# Building my lens system - where to go from my basic kit?



## janmaxim (Oct 14, 2014)

I have been photographing for four years now. I started out using a 600D with the kit lens, but upgraded after 1.5 years to a 6D because I wanted better low light performance and IQ when doing landscapes. So far, this camerahouse has been fantastic and been a companion on my all of my travels the last 2 years.

I currently have and use two lenses depending on the situation: 24-105 F4L for general walkaround lens, and the 35 F1.4L for more creative use, and "astrophotography" when the weather allows for it.

However, when I look at my pictures, the ones I like the best comes from the 35, with a few exceptions from the 24-105. When pixelpeeping the pictures from the 35 is miles ahead of the 24-105 with regard to image quality, atleast to my eyes. Besides, the pictures I take with the 24-105 tend to be either 24mm (65%) and 105mm (25%) and 15% spread among the rest of the range (from my Lightroom catalog). Lately, I've frequently found myself shooting panoramas at 24mm and stitching them in post process to cover the scene I see with my eye.

From this, it seems I want to go wider, and longer when shooting portraits. Considering I travel I also want to be able to bring atleast some of it on my travels. I want to have a system that cover lenses from the wide end to tele. So here are the options I've thought through:

*My main thought is: ditch the general zoom and buy a wide angle lens and a tele lens*
For wide angle I see two options: the 14 F2.8 or the new 16-35 F4 IS. A third that I might evaluate is to buy the Samyang 14 F2.8, but as I travel I don't know how much use that would give me. The 14 F2.8 does not accept any of the screw on filters I have, so I think the 16-35 F4 IS is the winner here. Another alternative could be the 24-70 F2.8, but I don't know if it will leave me satisfied with regard to the focal length.
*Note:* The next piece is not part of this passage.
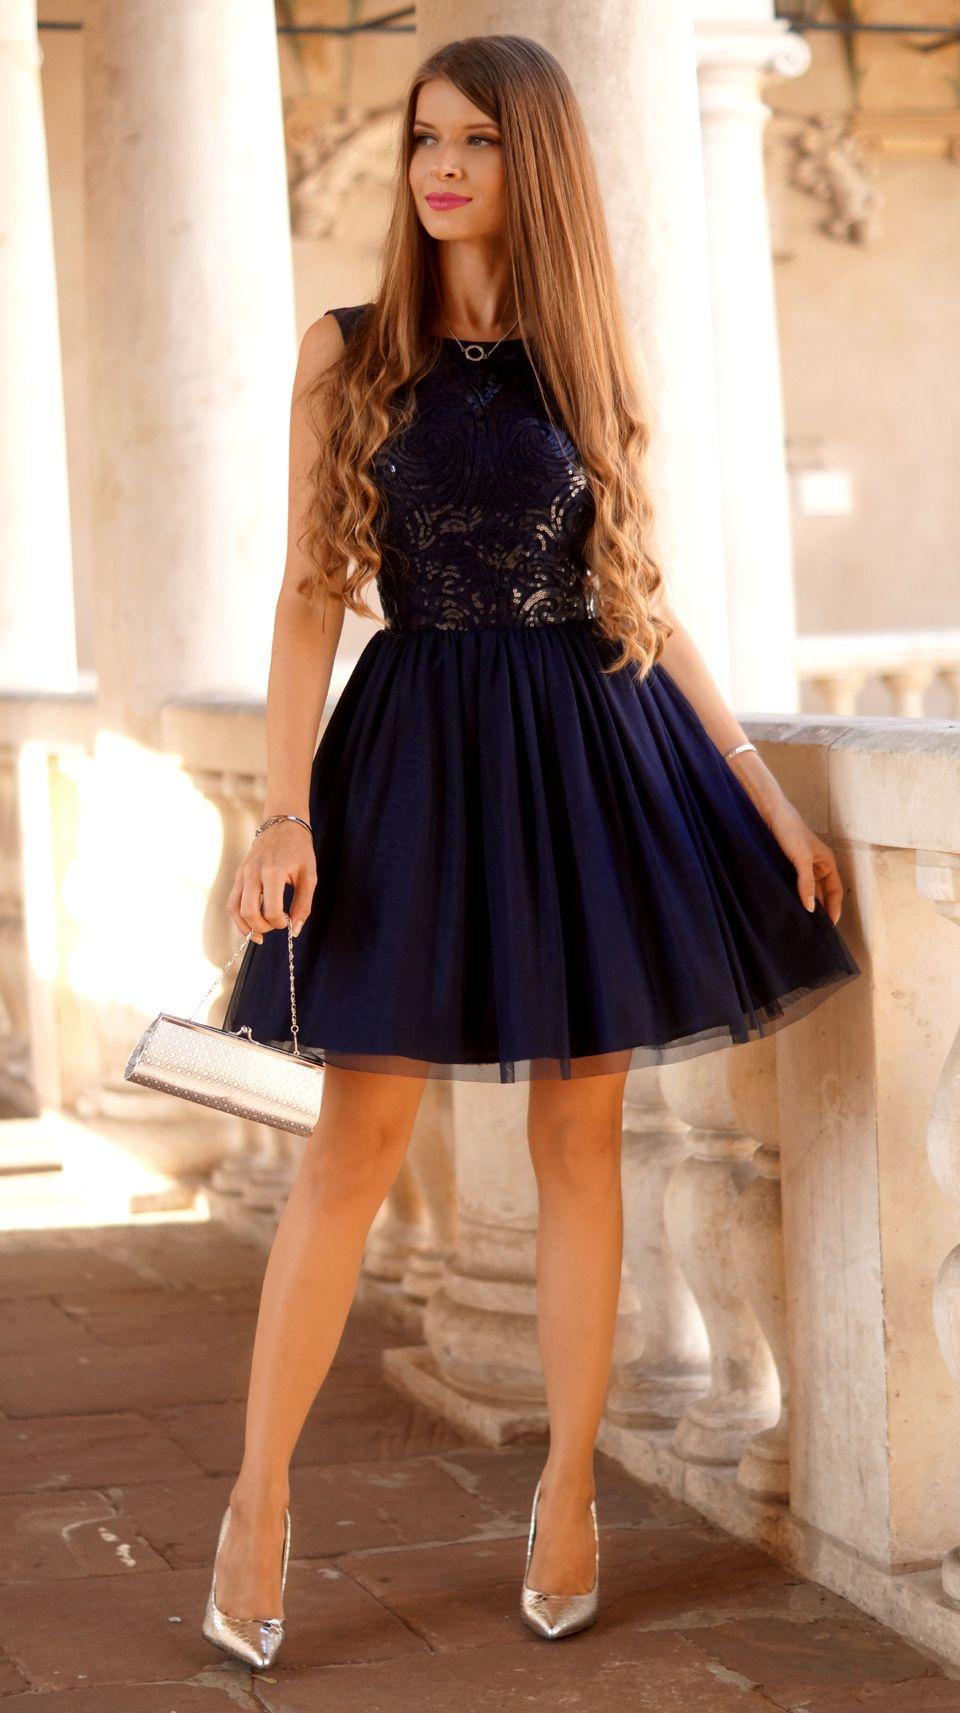 Dealnie Skrojona Rozkloszowana Sukienka Wykonana Z Wysokiej Jakosci Tkaniny I Kilku Warstw Elastycznego Miekkiego Przyj Short Dresses Dresses Cocktail Dress
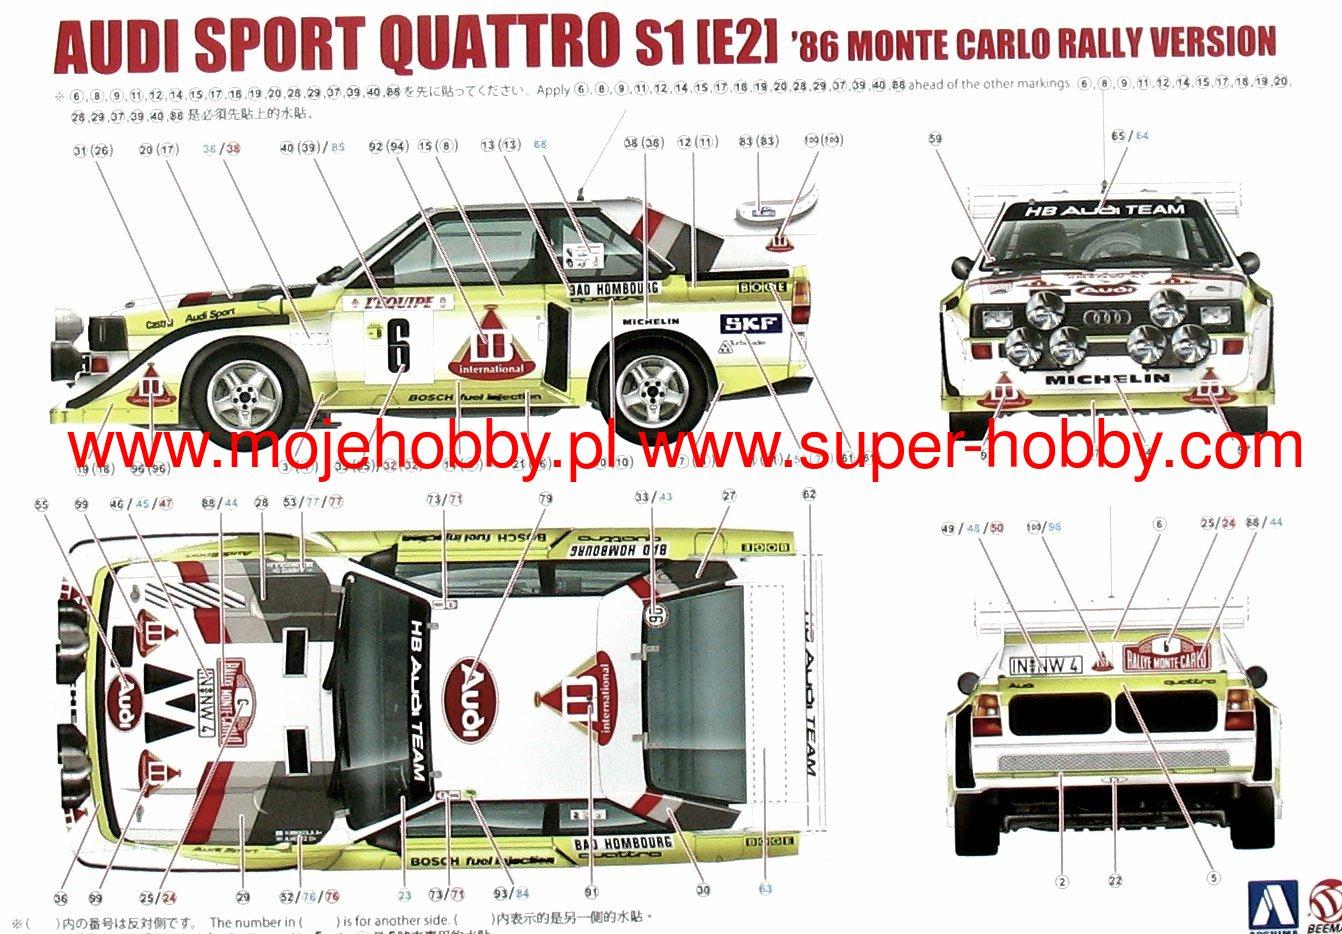 Audi Sport Quattro S200 [E20] '20 Monte Carlo Rally Version. Beemax ...

For the tele-range I have thought through these three options: 135 F2, 70-200 F2.8 II or 70-300 F4-5.6. I might do a safari in the coming years, but I think would rent a 100-400 or 400 for that when that time comes. But I'd like to be able to photograph wildlife occasionally. The use of the tele lens would be for family events and portraits. The 135 seems light and desireable, and sounds like a good fit if my experience with it reflects my use of the 35. The gear-nerd in me want the 70-200 F2.8 II, but I am afraid it could turn out to be a very expensive paperweight and not be used much while travelling.

To sum it up:
- I would like to be able to travel with my kit. So weight is a concern (keep in mind that many airlines enforce a 7kg carry-on limit. The ones I use for short-haul trips have a 10kg limit)
- I would like to be able to photograph landscapes, urban, portraits, events and wildlife.
- I would preferably have kit with 3 lenses, possibly 4 with future 100-400 or 400.

Alternative 1:
- 16-35 F4
- 35 F1.4
- 135 F2

Alternative 2:
- 16-35 F4
- 35 F1.4
- 70-200 2.8 II or 70-300 F4-5.6

Alternative 3:
- 16-35 F4
- 35 F1.4
- 100-400 or 400

Alternative 4 (that I think some of you might suggest):
- 16-35 F4
- 24-70 F2.8 II
- 70-200 2.8 II

Some of you must have experienced the same situation, or have some input on this situation?


----------



## brad-man (Oct 14, 2014)

Although I have no idea what you shoot, and therefore have no understanding of what your needs are in this regard, I won't let that little detail stop me from recommending a couple of lenses I feel should be in everyone's kit: EF16-35 f/4L and the EF70-300 f4-5.6L 8)


----------



## Mt Spokane Photography (Oct 15, 2014)

janmaxim said:


> To sum it up:
> - I would like to be able to travel with my kit. So weight is a concern (keep in mind that many airlines enforce a 7kg carry-on limit. The ones I use for short-haul trips have a 10kg limit)
> - I would like to be able to photograph landscapes, urban, portraits, events and wildlife.
> - I would preferably have kit with 3 lenses, possibly 4 with future 100-400 or 400.
> ...


 
I've been thru that. I've had the 70-200mm f/4 IS and all three of the 70-200 f/2.8 models, dozens of Canon lenses. I ended up with alternative 4 plus about 8 more lenses, but the 24-70mm f/2.8L gets by far the most use.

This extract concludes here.